Here we report a structural probing study of the interaction between the Ty1 RNA template and the tRNA iMet primer. In the proposed secondary structure model of the tRNA iMet -Ty1 RNA complex boxes 1 and 2.1 of Ty1 RNA form Watson-Crick base pairs with the primer tRNA iMet . Box 2.2 is not annealed to the primer tRNA iMet but we find that another region of Ty1 RNA, named box 0, interacts with the primer tRNA iMet . By introducing specific nucleotide changes in Ty1 RNA or in tRNA iMet that disrupt some of the Watson-Crick base pairs between the two RNAs the role of interactions between the boxes and the primer tRNA on formation of the binary complex was further investigated. We show that proper complementarity between boxes 0 and 1 of Ty1 RNA and tRNA iMet is essential for annealing of the two RNAs and that the role of box 2.1 is not as crucial for formation of the complex.

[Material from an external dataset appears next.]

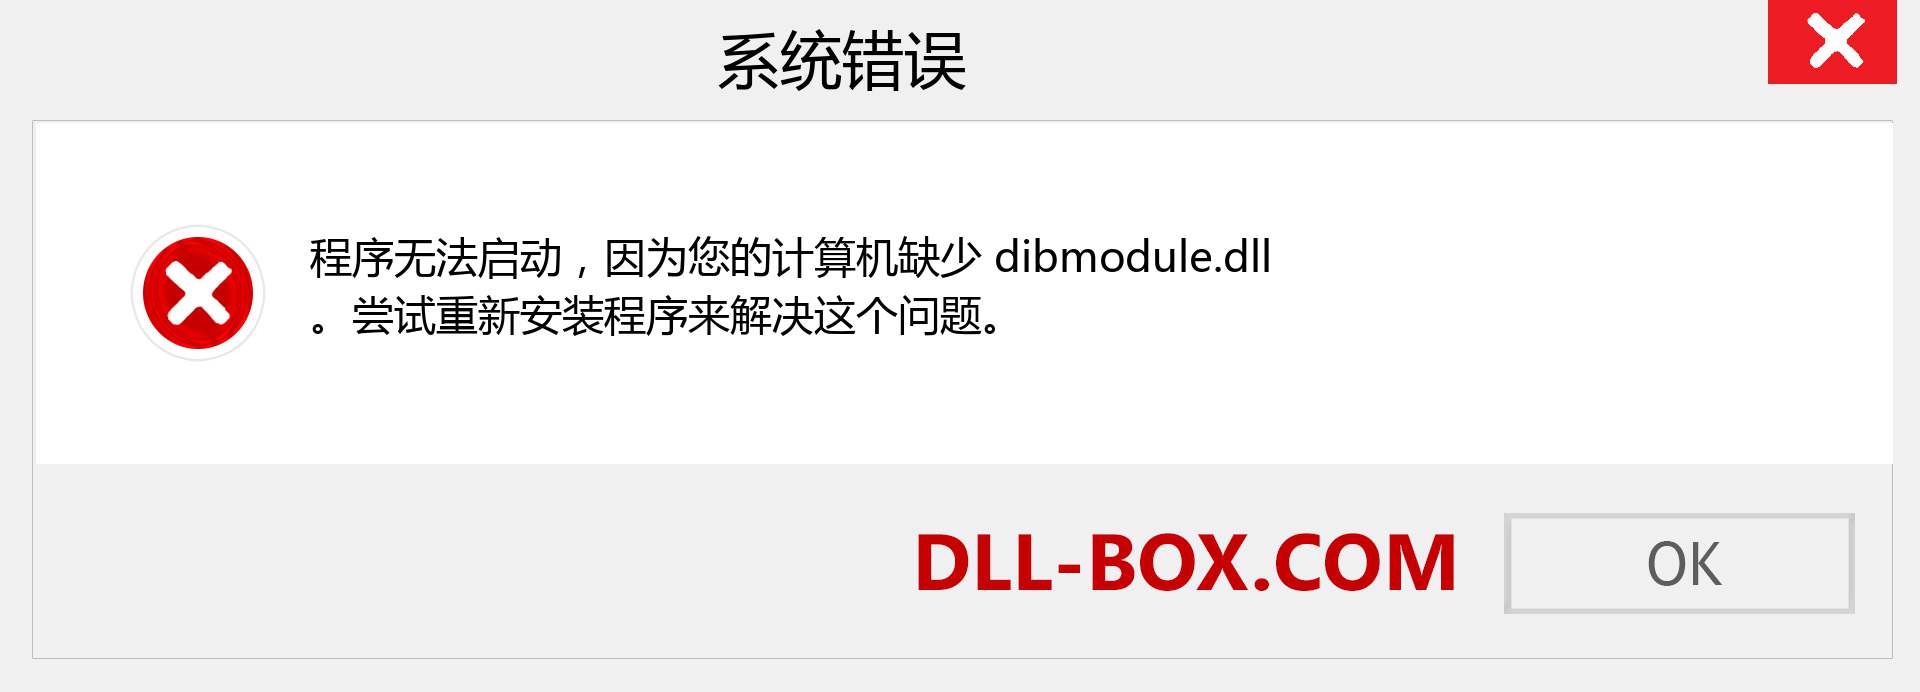 dibmodule.dll 文件丢失？。 适用于 Windows 7、8、10 的下载 - 修复 Windows、照片、图像上的 dibmodule dll 丢失错误

The in vitro structural study reported here, sequence comparison of the Ty1 and Ty2 elements and previously published in vivo results underline the functional importance of the primary sequence of the boxes and suggest that extended interactions between genomic Ty1 RNA and the primer tRNA iMet play a role in the reverse transcription pathway.
Materials and Methods
Standard procedures were used for restriction enzyme digestion and plasmid construction ( 14 ). Escherichia coli strain MV1190 was used for plasmid amplification. The DNA sequences of all constructed plasmids were confirmed by the dideoxy sequencing method ( 15 ).
Plasmid pSF4, containing nt 241–817 of the Ty1 H3 element under the control of the bacteriophage T7 promoter, was obtained by cloning a 0.58 kb Xho I -Hpa I fragment of plasmid pGTy1H3 ( 4 ), kindly provided by J. D. Boeke, into plasmid pSL1180 (Pharmacia 27–4384) and inserting the bacteriophage T7 promoter by site-directed mutagenesis ( 16 ) with the following oligodeoxynu-cleotide 5′-CCACTAGTACTTCTCATCGATTAATACGACTCACTAAGGAGAACTTCTAG-3′. After digestion of pSF4 with Pvu II or Pfl MI and in vitro transcription using T7 RNA polymerase we obtained the two Ty1 RNAs 1–237 and 1–297, starting at position +1 of the Ty1 retrotransposon RNA and containing no additional sequence derived from the plasmid.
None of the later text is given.